According to MyModernMet.com, the cathedral’s exterior featured “a menagerie of grotesques, stone creatures intended to protect the church from malevolent spirits.” These are the world-famous gargoyles. The gargoyles at Notre Dame date to the 1300s. The fate of the gargoyles is not yet clear.
The gargoyles served two main purposes; they were used as water spouts to protect the building’s stonework, and they were supposed to ward off evil spirits.
Famous Paintings & Statues
Paris is known for its art, of course, and some of its greatest works were housed inside Notre Dame.

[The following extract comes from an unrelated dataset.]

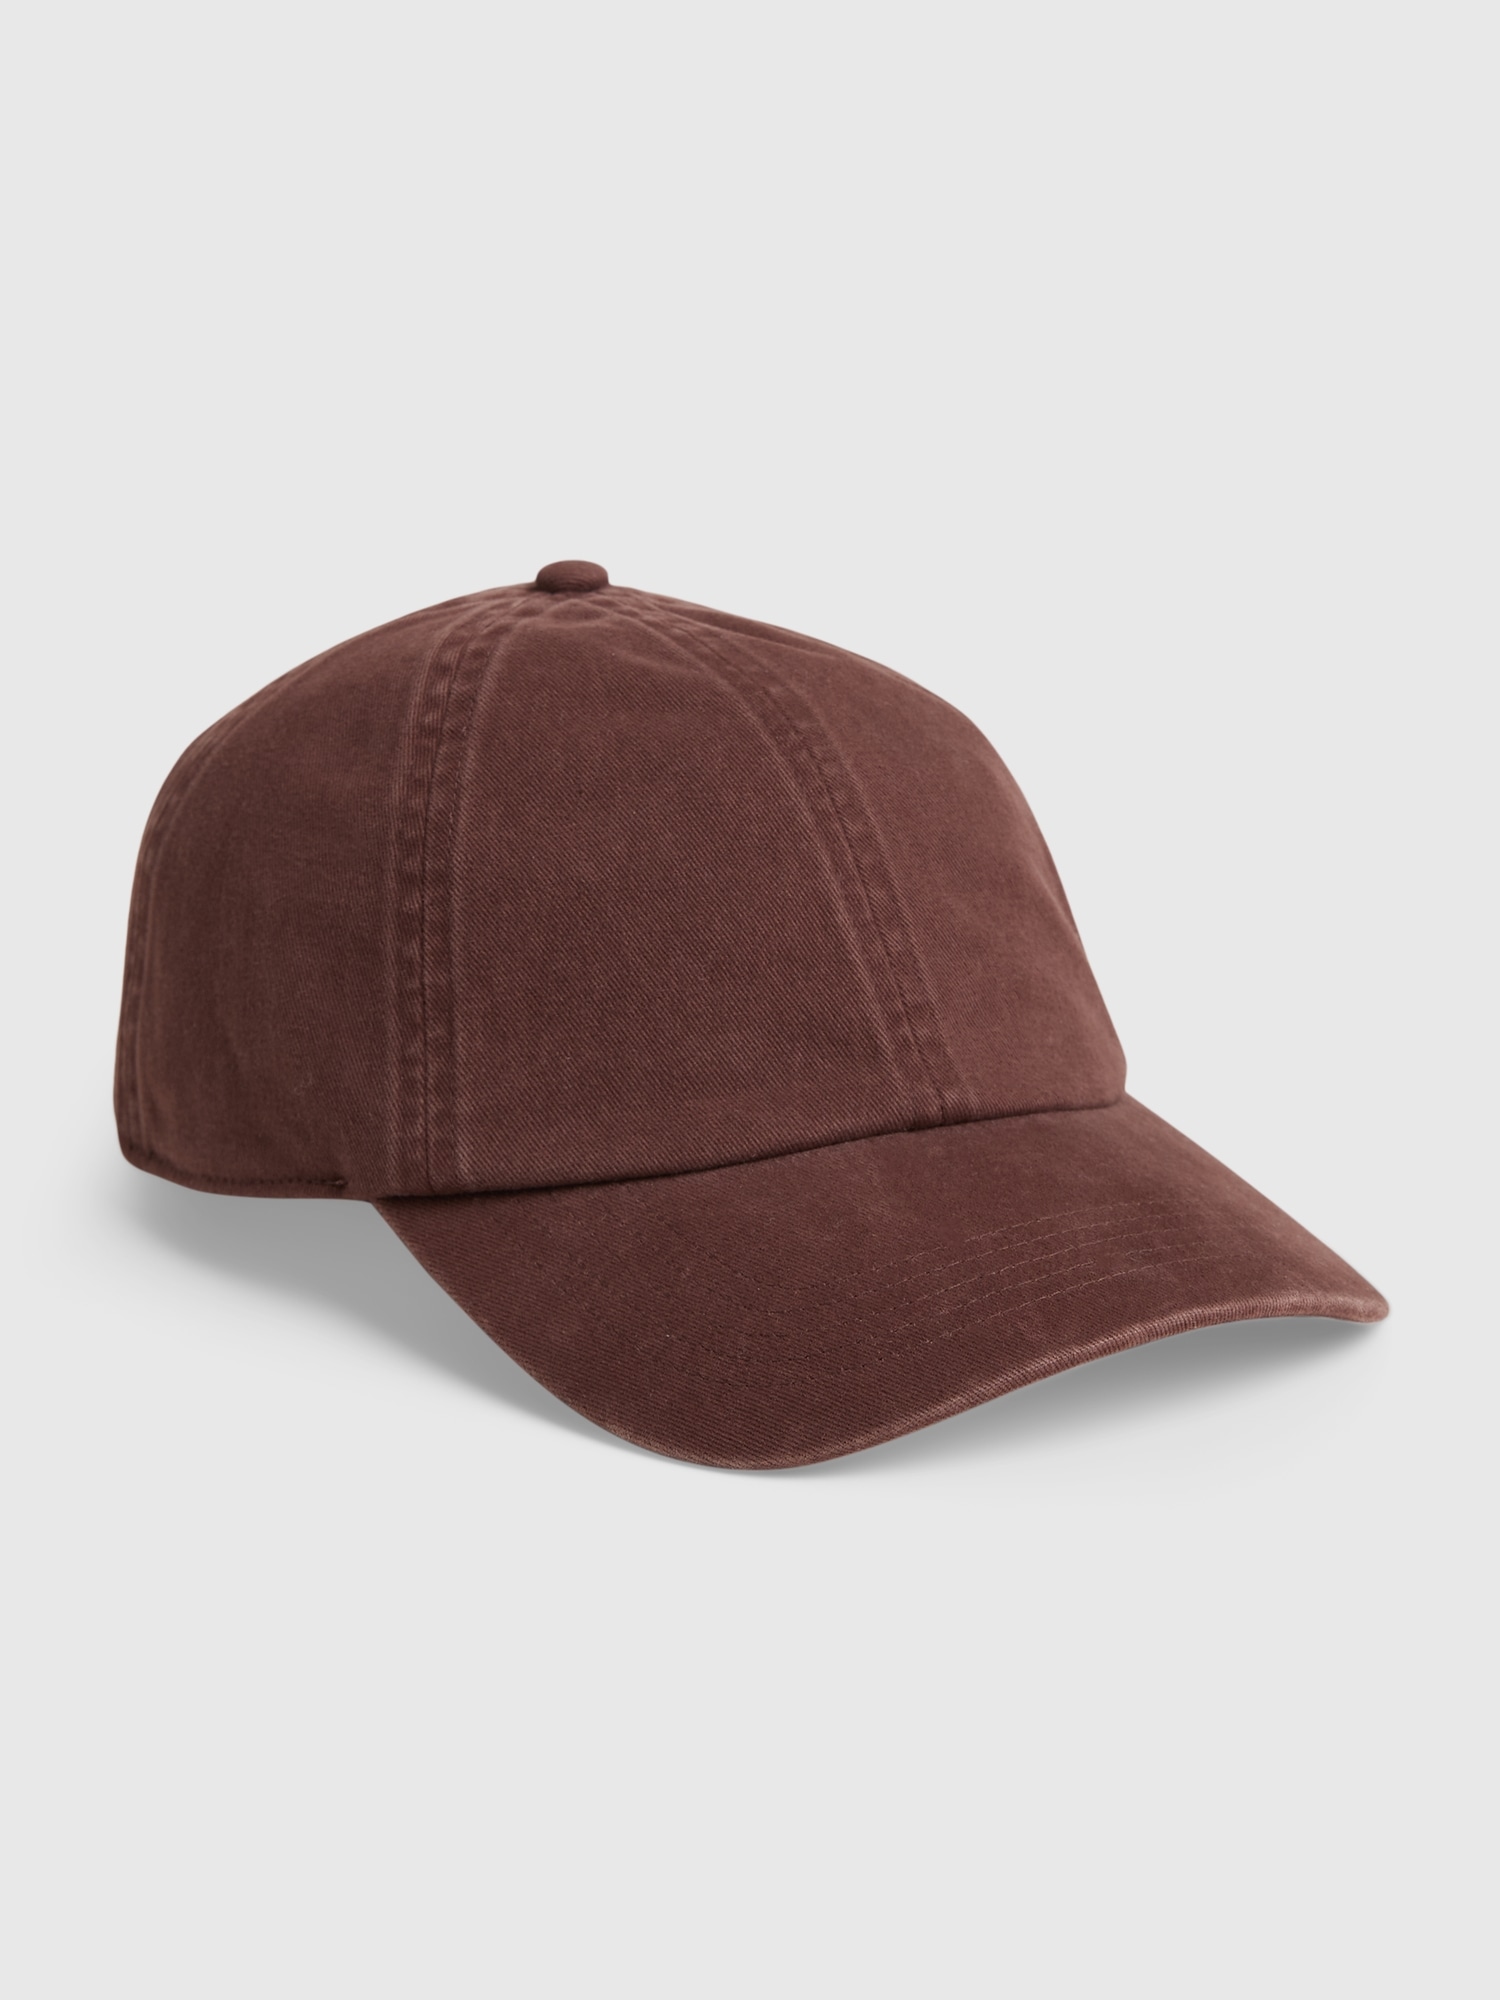 Gap Organic Cotton Washed Baseball Hat brown. 1

According to CNN, Notre Dame contained at least 76 paintings that represent “the New Testament’s Acts of the Apostles, including the crucifixion of St. Peter and the conversion of St. Paul.” They date to the 1600s and 1700s.
The cathedral also housed a Jean Jouevnet painting on the Virgin Mary called “The Visitation,” CNN reports, adding that a 1600s-era painting of St. Thomas Aquinas was also hanging inside Notre Dame.
Sixteen religious statues were safe because they were removed from the cathedral before the fire due to the renovation project underway there.
The Stained-Glass Rose Windows
The stained-glass rose windows at Notre Dame are world-famous. The South Rose window was “offered by King St. Louis” and dates to 1260, according to The Washington Post. According to the cathedral website, the three rose windows “constitute one of the great masterpieces of Christianity.”
It’s now been confirmed by officials that the rose windows survived.